ME RICHARD MORNEAU, PROTONOTAIRE:

[1]      Il s'agit d'une requête du débiteur judiciaire, M. Raymond Laliberté (le débiteur), aux fins d'obtenir le sursis d'ordonnances provisoires de saisie-arrêt rendues les 25 novembre et 16 décembre 1998 ainsi que le sursis de l'enregistrement d'un ordre de paiement enregistré le 16 juin 1998 auprès de cette Cour. Cette requête du débiteur est mue en vertu de la règle 398 des Règles de la Cour fédérale (1998) (les règles). Dans sa partie pertinente, cette règle se lit comme suit:

                      398 (1) Sur requête d'une personne contre laquelle une ordonnance a été rendue:                 
                      a) dans le cas où l'ordonnance n'a pas été portée en appel, la section de la Cour qui a rendu l'ordonnance peut surseoir à l'ordonnance;                 

Les faits

[2]      En date du 21 juillet 1997, Mario Desrosiers, agent des affaires du travail, Développement des ressources humaines Canada, a envoyé un avis de réclamation au débiteur au montant de 210 069,47 $ pour paiement, par un administrateur de l'employeur, des salaires des employés, sur la base de l'article 251.18 du Code canadien du travail, L.R.C. 1985, ch. L-2, tel que modifié (le Code).
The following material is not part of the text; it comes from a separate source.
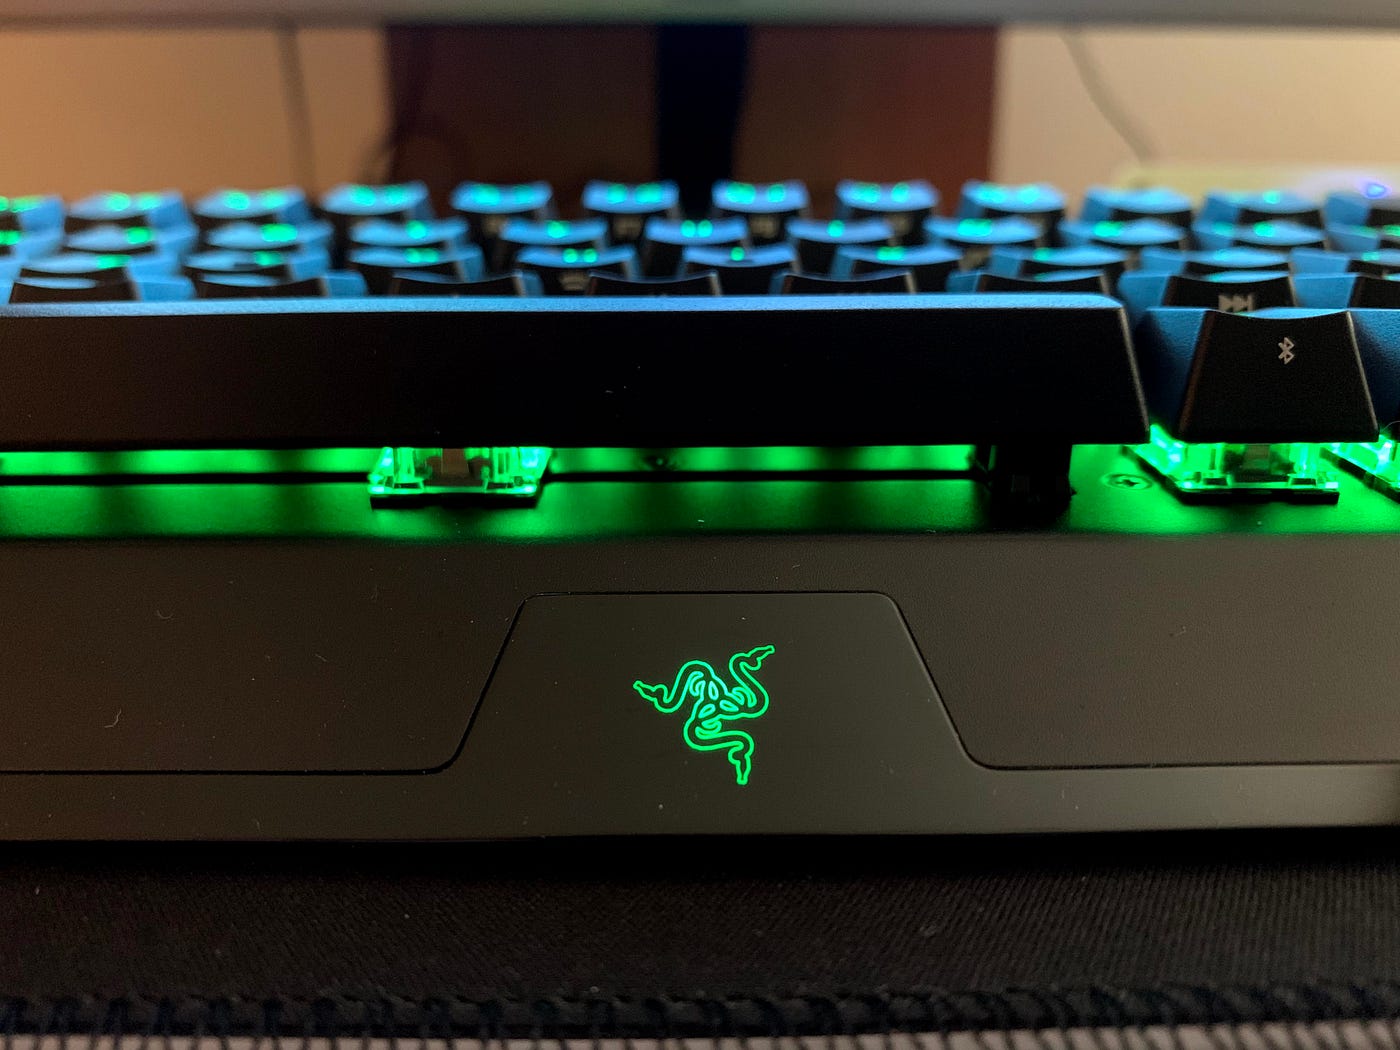 Razer BlackWidow V3 Mini HyperSpeed review: The fantastic little keyboard  that could

[3]      En date du 12 décembre 1997, un ordre de paiement (l'Ordre de paiement) a été émis par Mario Desrosiers, à titre d'inspecteur, à l'encontre du débiteur en vertu de l'article 251.18 du Code.

[4]      En date du 30 décembre 1997, le débiteur a porté en appel l'Ordre de paiement en vertu de l'article 251.11(1) du Code.
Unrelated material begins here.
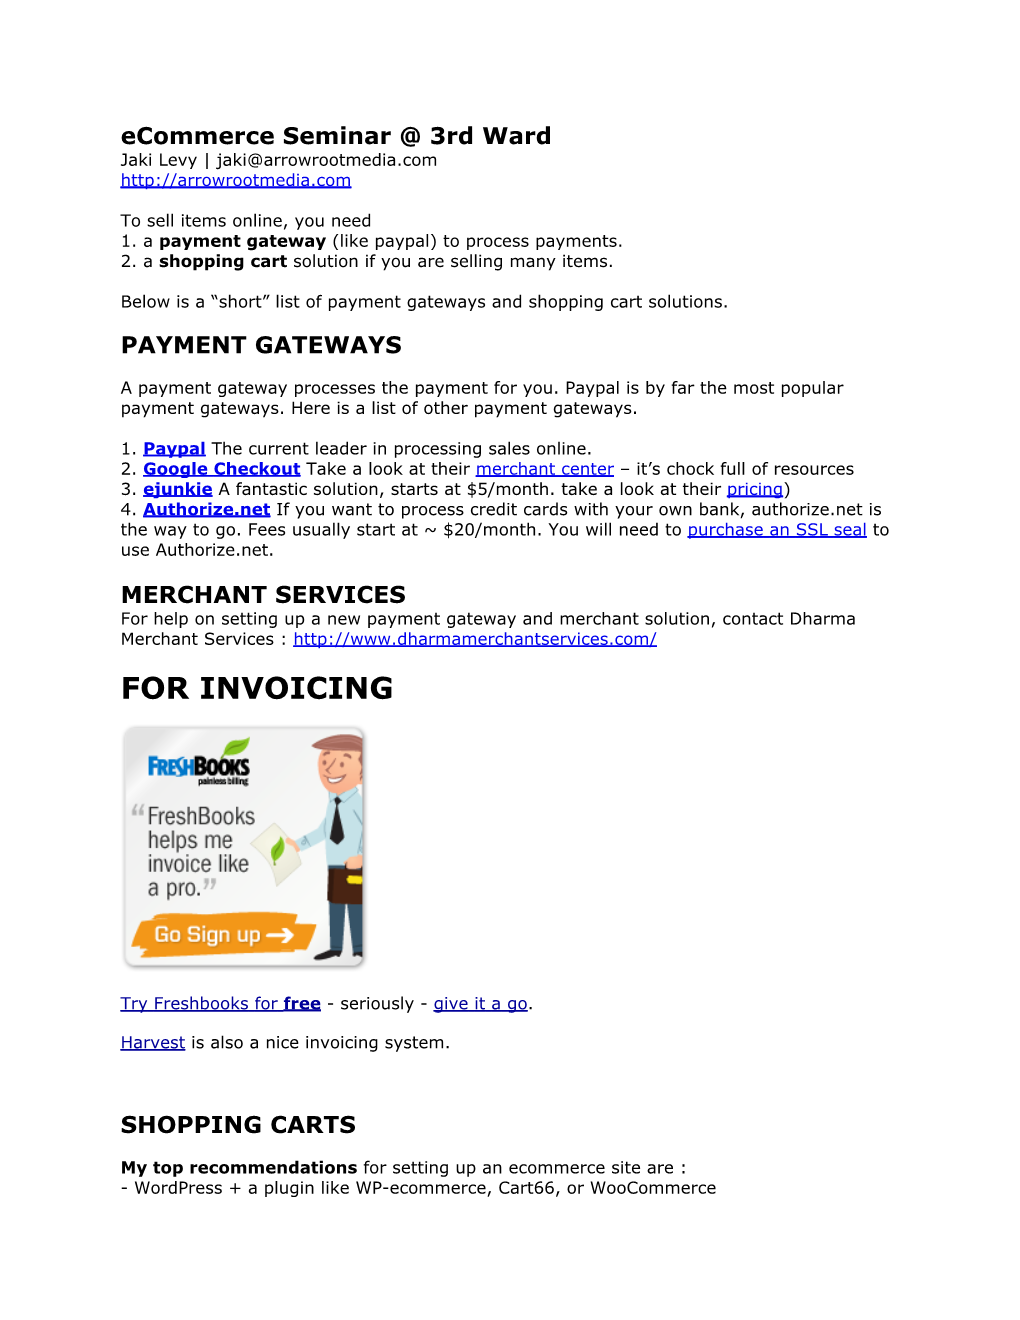 For Invoicing

[5]      Le débiteur allègue qu'à l'époque il lui était impossible d'obtenir les fonds nécessaires à la consignation exigée pour se pourvoir en appel.

[6]      En date du 9 février 1998, l'appel était rejeté au motif qu'il ne respectait pas les conditions de recevabilité du paragraphe 251.11(2) du Code, à savoir que le débiteur n'avait pas remis au ministre pour consignation la somme visée par l'Ordre de paiement.

[7]      En date du 16 juin 1998, l'Ordre de paiement était enregistré auprès de cette Cour, le tout tel que le permet le paragraphe 251.15(3) du Code.

[8]      Les divers articles pertinents du Code se lisent comme suit:

                      251.1 (1) L'inspecteur qui constate que l'employeur n'a pas versé à l'employé le salaire ou une autre indemnité auxquels celui-ci a droit sous le régime de la présente partie peut ordonner par écrit à l'employeur ou, sous réserve de l'article 251.18, à un administrateur d'une personne morale visé à cet article de verser le salaire ou l'indemnité en question; il est alors tenu de faire parvenir une copie de l'ordre de paiement à l'employé à la dernière adresse connue de celui-ci.                 
                 [...]                 
                      251.11 (1) Toute personne concernée par un ordre de paiement ou un avis de plainte non fondée peut, par écrit, interjeter appel de la décision de l'inspecteur auprès du ministre dans les quinze jours suivant la signification de l'ordre ou de sa copie, ou de l'avis.                 
                      (2) L'employeur et l'administrateur de personne morale ne peuvent interjeter appel d'un ordre de paiement qu'à la condition de remettre au ministre la somme visée par l'ordre, sous réserve, dans le cas de l'administrateur, du montant maximal visé à l'article 251.18.                 
                 [...]                 
                      251.15 (3) La Cour fédérale procède à l'enregistrement de l'ordre de paiement, de l'ordonnance ou de l'ordre de versement dès leur dépôt; l'enregistrement leur confère valeur de jugement de ce tribunal et, dès lors, toutes les procédures d'exécution applicables à un tel jugement peuvent être engagées à leur égard.                 
                 [...]                 
                      251.18 Les administrateurs d'une personne morale sont, jusqu'à concurrence d'une somme équivalant à six mois de salaire, solidairement responsables du salaire et des autres indemnités auxquels l'employé a droit sous le régime de la présente partie, dans la mesure où la créance de l'employé a pris naissance au cours de leur mandat et à la condition que le recouvrement de la créance auprès de la personne morale soit impossible ou peu probable.                 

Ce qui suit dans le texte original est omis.